An effort to produce a version in the vernacular was made by Francysk Skaryna (d. after 1535), a native of Polatsk in Belarus. He published at Prague, 1517–19, twenty-two Old Testament books in Ruthenian language, in the preparation of which he was greatly influenced by the Bohemian Bible of 1506. Other efforts were made during the 16th and 17th centuries, but the Church Slavonic predominated in all these efforts.

===Russian===

See also: Archangel Gospel, Russian.
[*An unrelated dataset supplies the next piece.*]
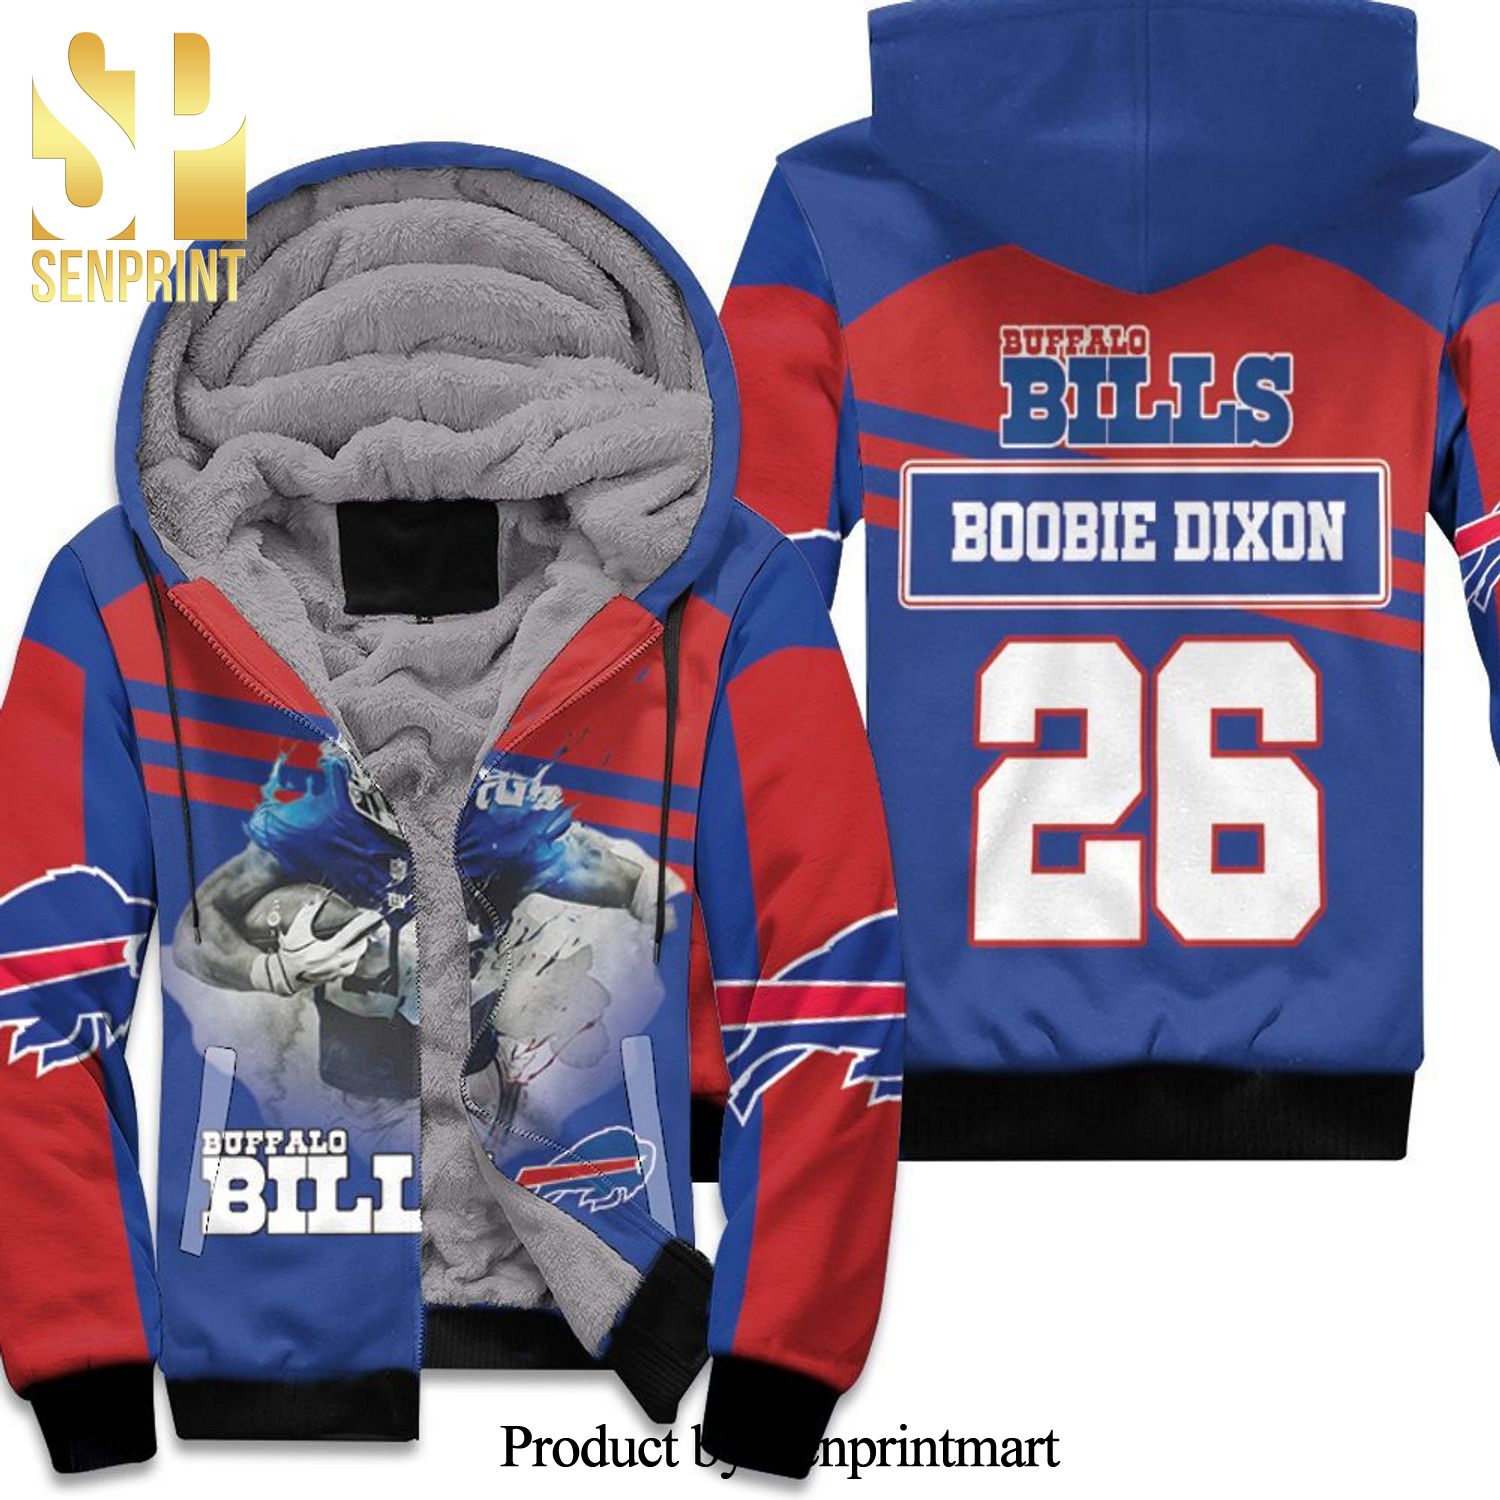 Buffalo Bills 26 Boobie Dixon Afc East Champs Hot Outfit Unisex Fleece Hoodie

And The Four Gospels (Четвероевангелие) by Pyotr Mstislavets (1574–1575)

===Ukrainian===

The known history of the Bible translation into Ukrainian began in the 16th century (between 1556 and 1561) with Peresopnytsia Gospels, which included only four Gospels of the New Testament.

==South Slavic==

===Bulgarian ===

The royal Tetraevangelia of Ivan Alexander is an illuminated manuscript Gospel Book in Middle Bulgarian, prepared and illustrated in 1355–1356 for Tsar Ivan Alexander of the Second Bulgarian Empire. The manuscript is regarded as one of the most important manuscripts of medieval Bulgarian culture.

The manuscript, now in the British Library (Add. MS 39627), contains the text of the Four Gospels illustrated with 366 miniatures and consists of 286 parchment folios, 33 by 24.3 cm in size.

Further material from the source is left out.